When Congress passed the Tax Cuts and Jobs Act in December 2017, one of the new features introduced to the tax code was the 83(i) election.

This offers a tax break for certain stock option holders, and could significantly benefit your financial situation if you qualify for this tax break.

(Read up on other relevant changes in the new tax laws that may affect you here.)

Most financial advisors are still working out the best strategies with which to help their clients, but experts in the field are moving quickly to provide solutions.
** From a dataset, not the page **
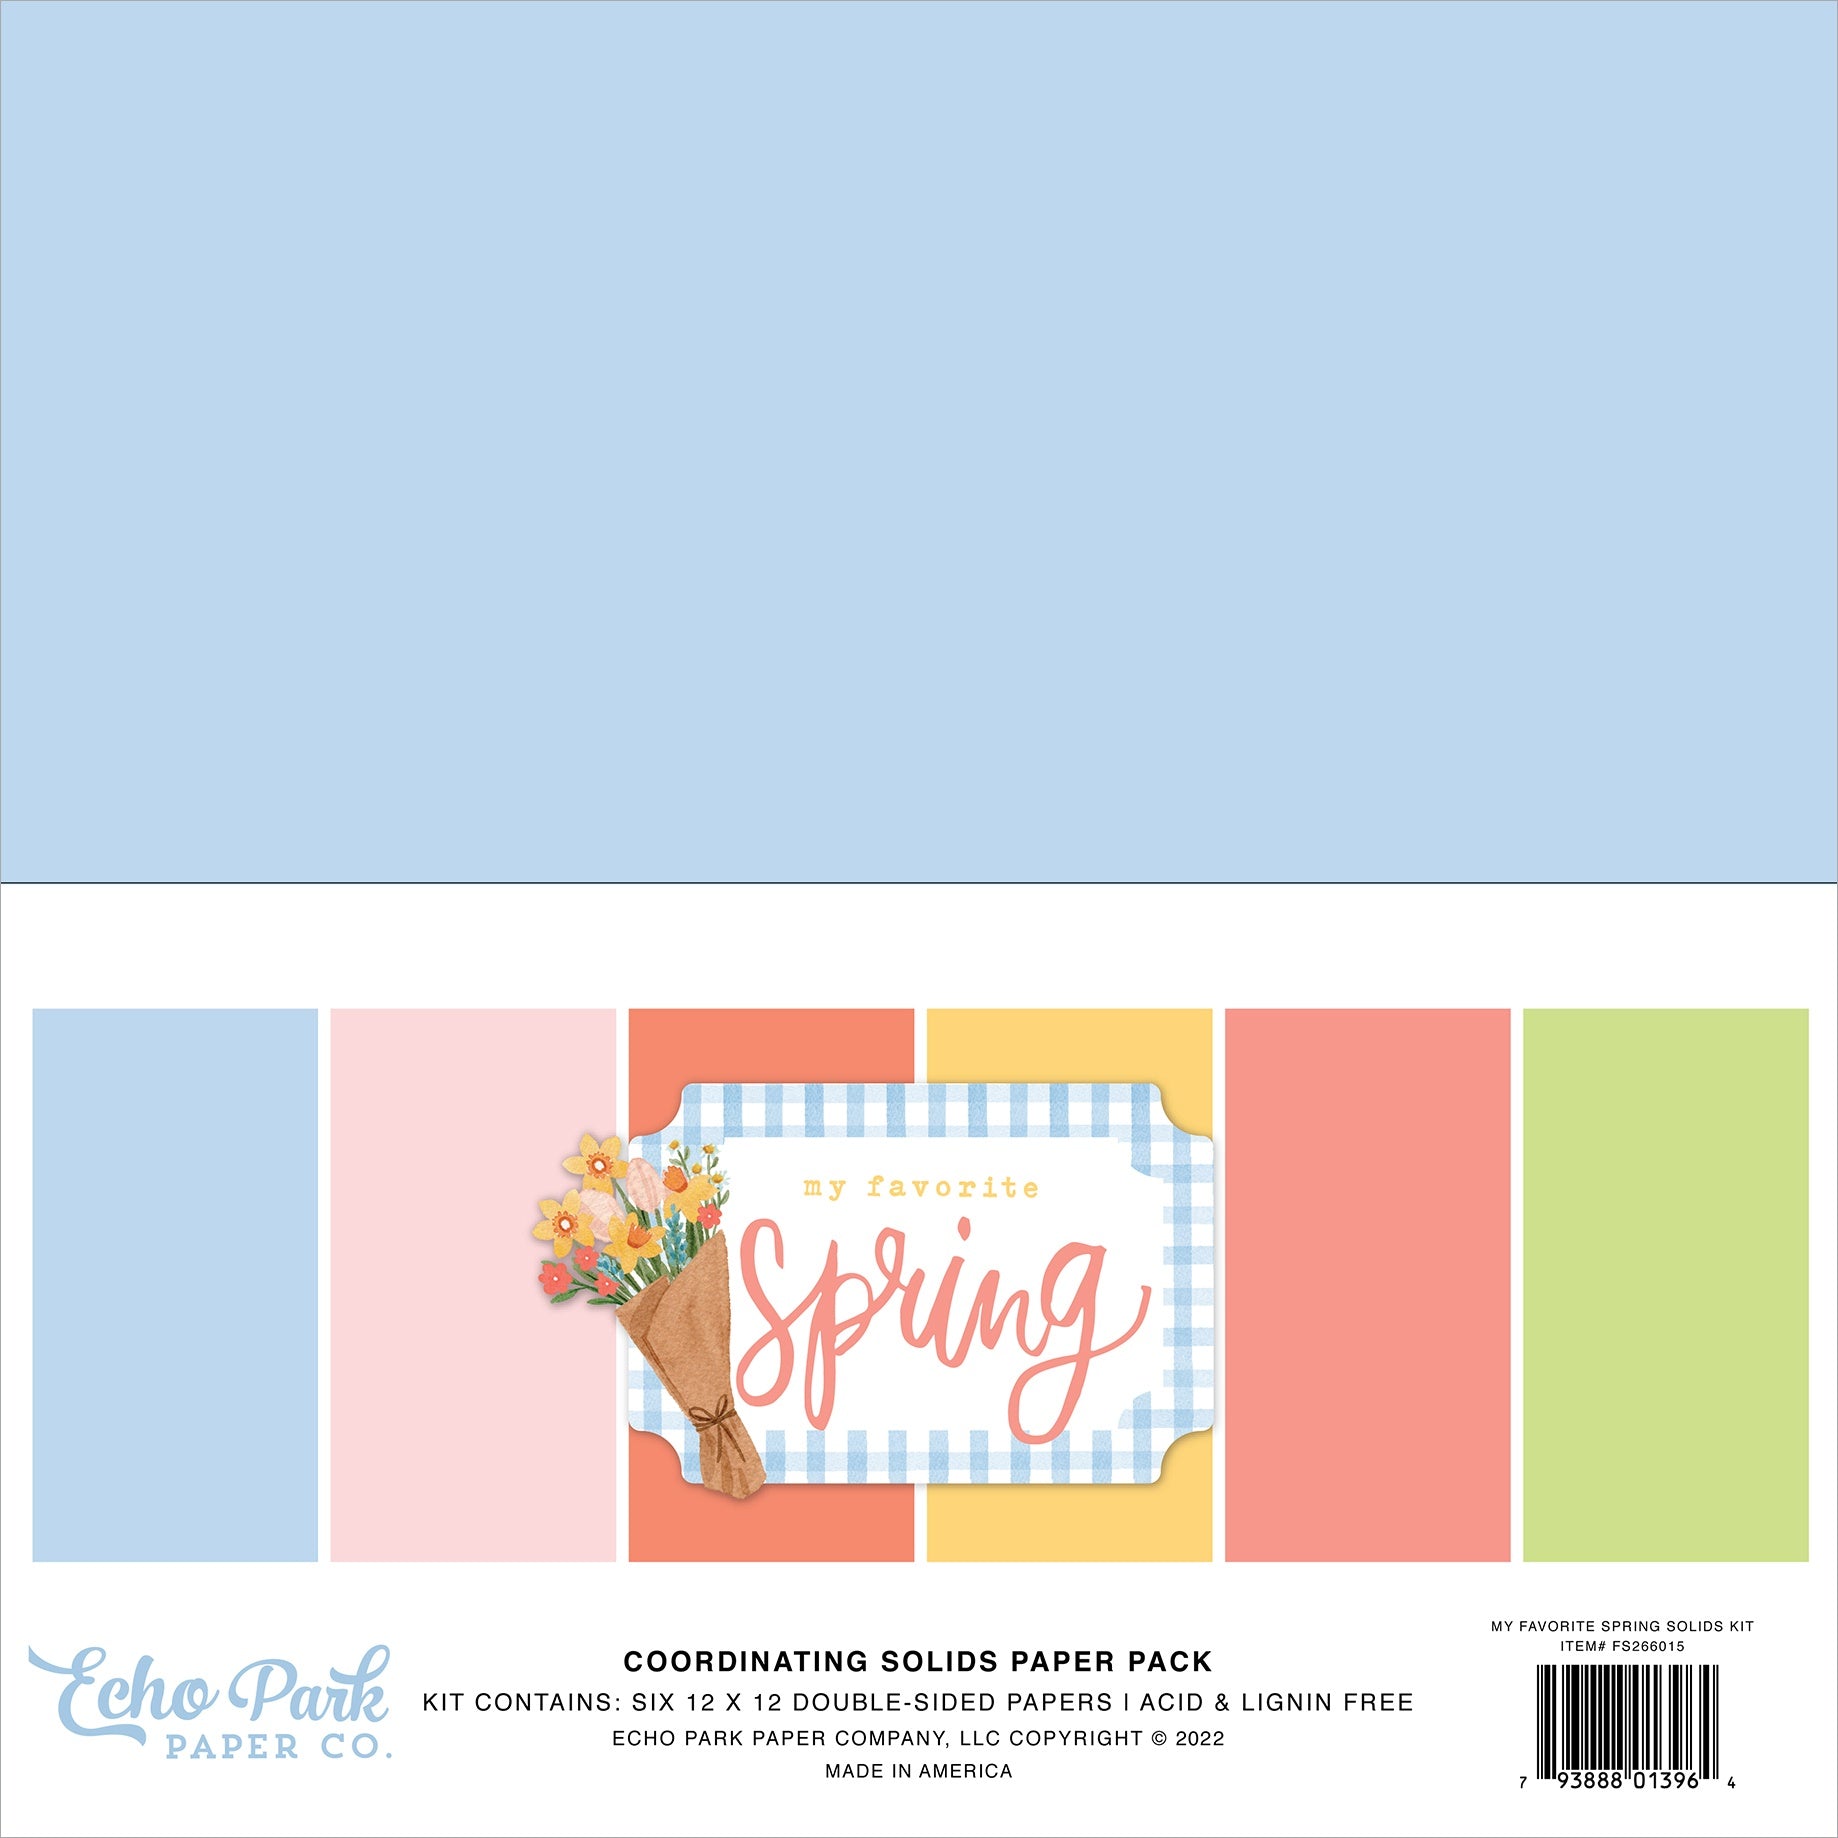 My Favorite Spring Double-Sided Solid Cardstock

If your advisor isn’t up to speed, first consider getting one who is. Then update yourself on what you need to know about the 83(i) election, including how you can benefit.

 

Understanding the 83(i) Tax Election for Non-Qualified Stock Options and Restricted Stock Units

Again, the 83(i) election offers a tax break for private company restricted stock unit (or RSU) and stock option holders. The provision allows an employee to elect to defer paying the tax in connection with the vesting of an RSU or exercise of a stock option.

This tax deferral may benefit you if you hold an RSU or non-qualified stock option (or NQSO). If you make this election in connection with the exercise of an incentive stock option (abbreviated as ISO), you lose the ISO status and are taxed in the same manner as an NQSO.
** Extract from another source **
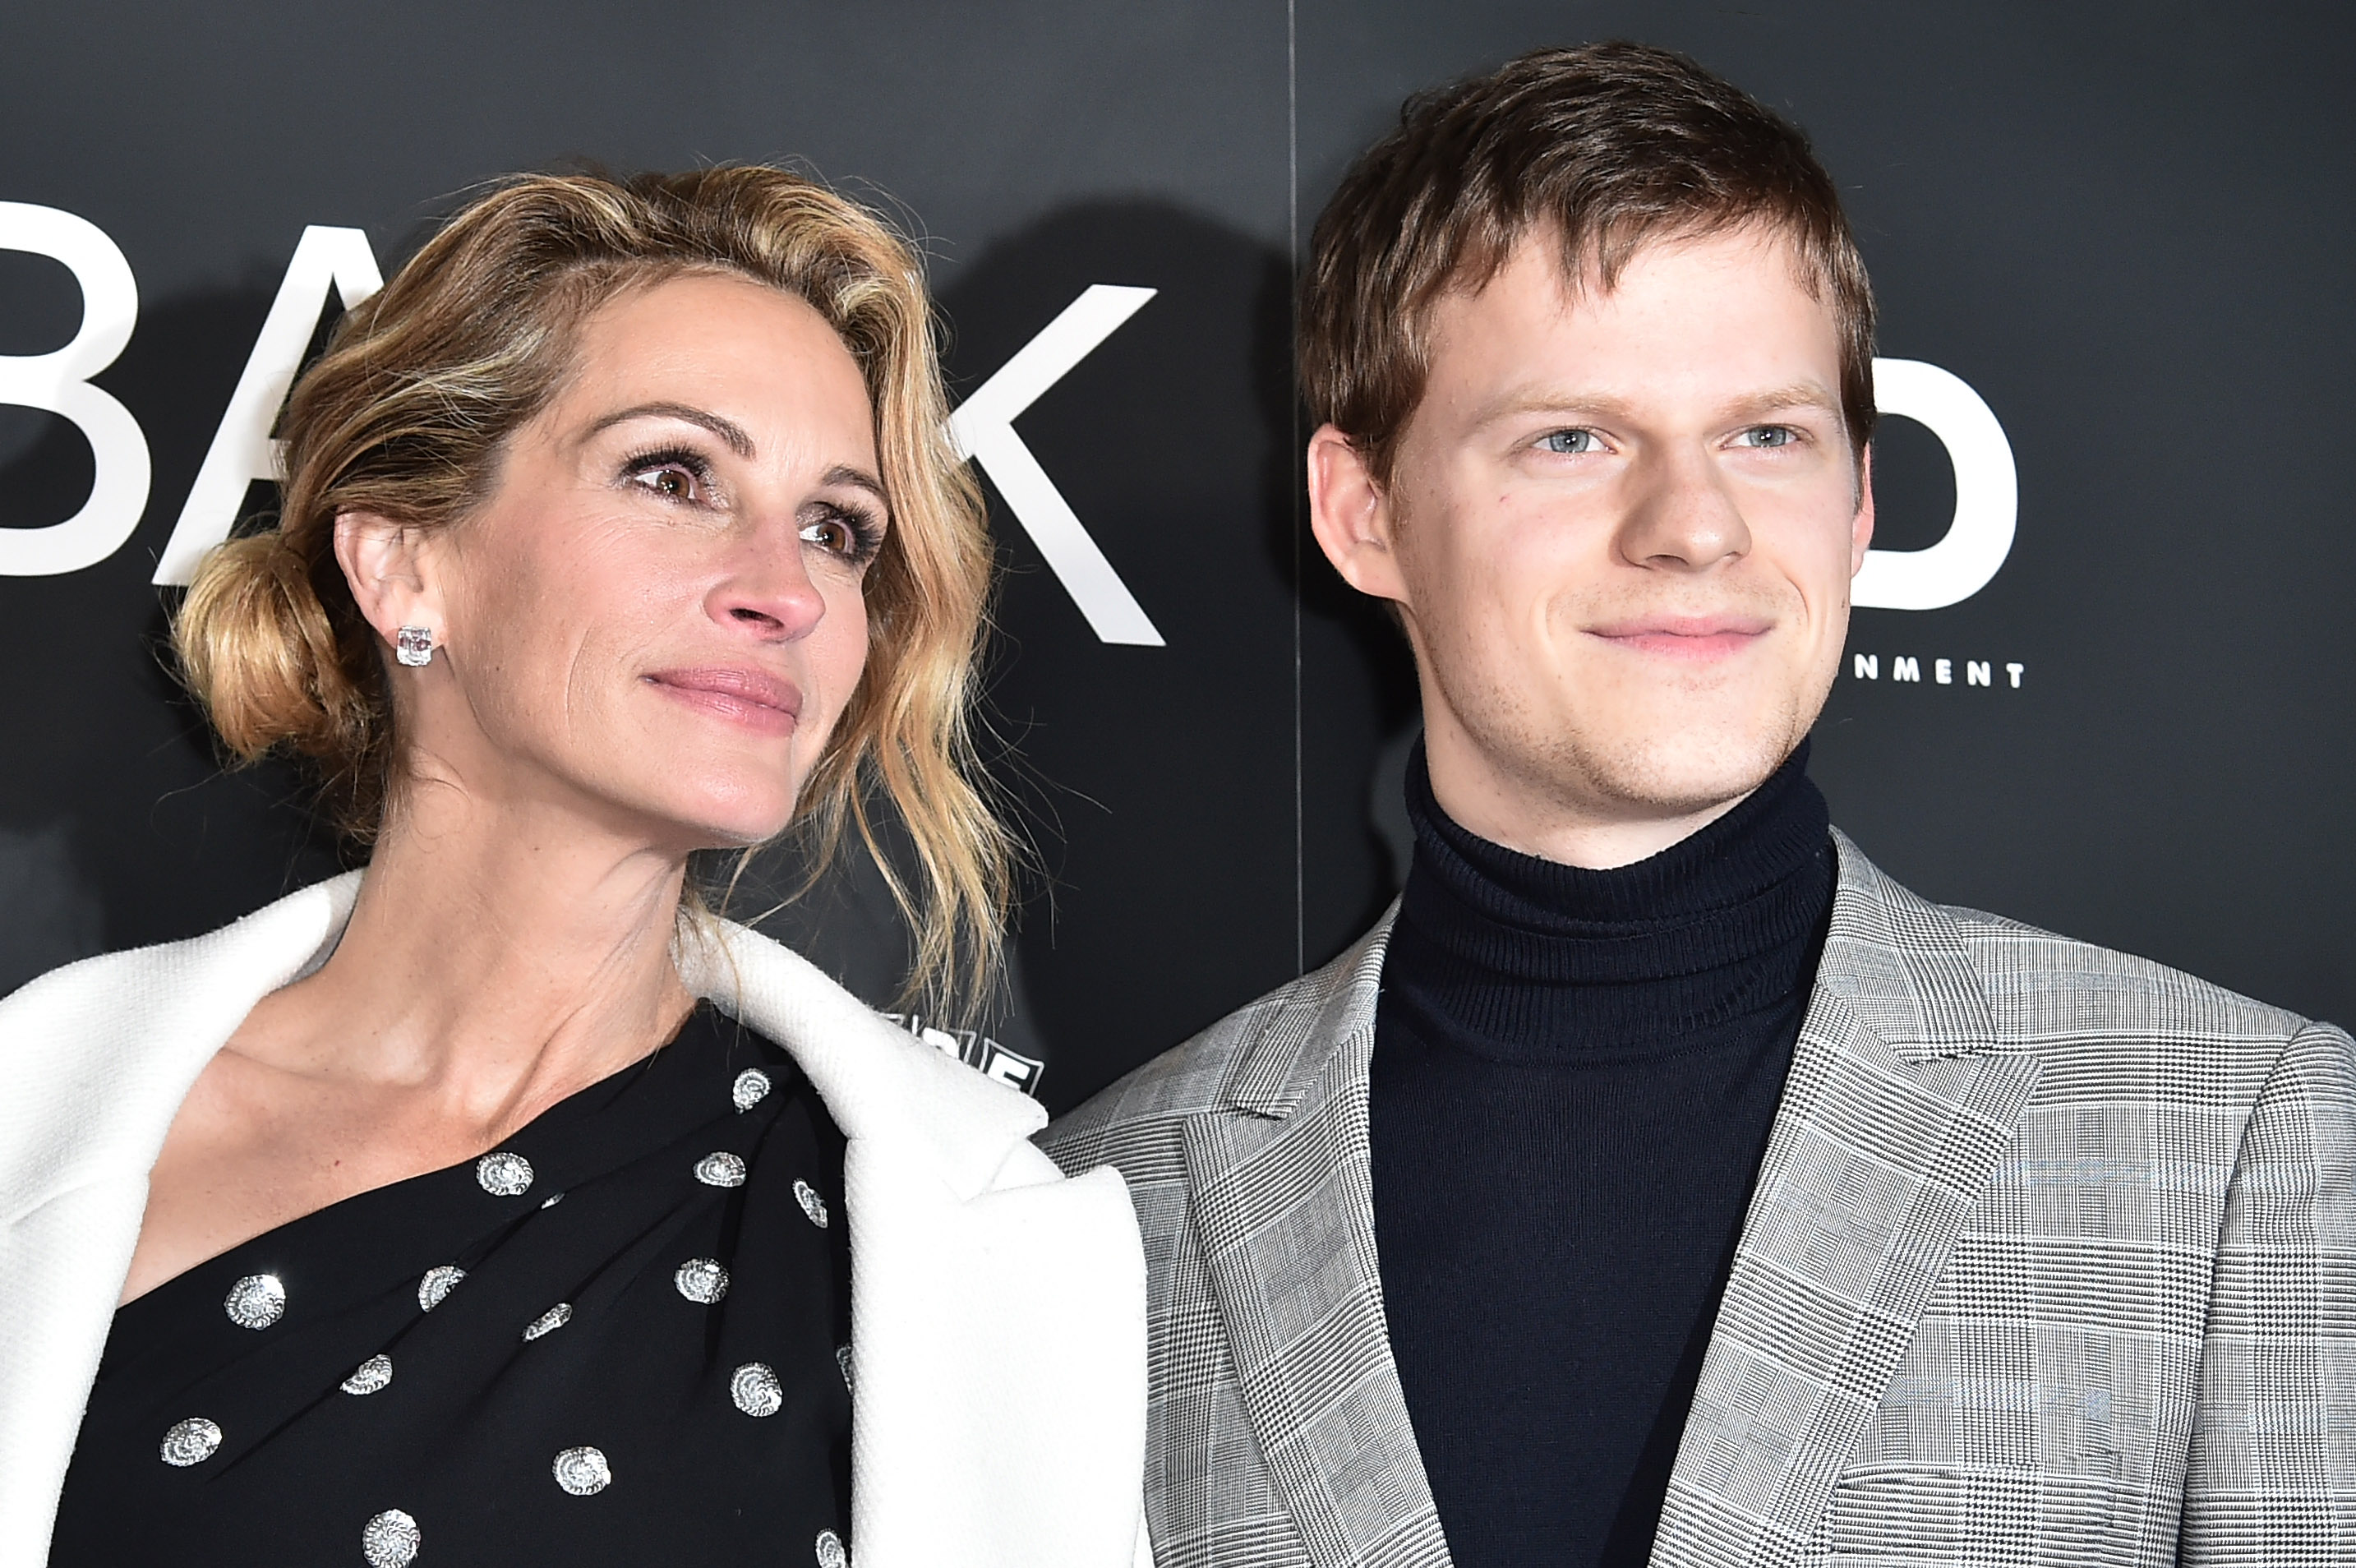 Julia Roberts and Lucas Hedges attend the New York premiere of "Ben Is Back" on December 3, 2018 in New York City | Source: Getty Images

Here’s a quick overview of the benefits for the new 83(i) election:

  • You can defer taxes for up to five years. This gives you time to save and prepare for your tax bill.
  • You can take advantage of the potential to defer taxes until your exit — think an initial public offering (IPO) — and then have all the appreciation during your deferral period taxed as long-term capital gains, if you meet the one year holding period.
  • You have the flexibility to revoke the election and choose to pay the taxes any time in the next five years.

 

Who Qualifies for the 83(i) Election?

To be counted as an eligible corporation, your employer must meet the following qualifications:

  • It cannot be a publicly-traded company (and must meet certain other qualifications)
  • It must have a written plan under which no less than 80 percent of all employees are granted stock options or RSUs.

Some employees are not eligible for this tax deferral, including anyone who owns 1 percent or more of the company’s stock. But the vast majority of employees can benefit.

If you’re considering taking advantage of the 83(i) election, it’s important to have a good plan in place. Here are a few things you should consider.

 

Making the 83(i) Election

You must make the election to defer the tax within 30 days of the RSU vesting or the exercise of the stock option. Your employer must notify you that you may be eligible to elect to defer income and certify that your stock is qualified.

If you work for a company that is private but contemplates an IPO in the future, this is a big benefit.

An RSU that vests prior to an IPO, for example, will be taxed at the value of the stock at the vesting date. You can elect to defer paying that tax until the IPO occurs up to five years.

If the value of the stock increases between the time you vest and the date of an IPO and you meet the one year holding period, the appreciation will be taxed at capital gain rates when you sell your stock.

The 83(i) election is usually not worth considering in connection with the exercise of ISO’s since you lose the ISO status if you make the 83(i) election.

If you make the election in connection with the exercise of ISO’s, you would avoid having to pay the AMT at time of exercise, but you lose the potential for capital gain treatment on the entire gain which is the big advantage of an ISO compared to an NQSO.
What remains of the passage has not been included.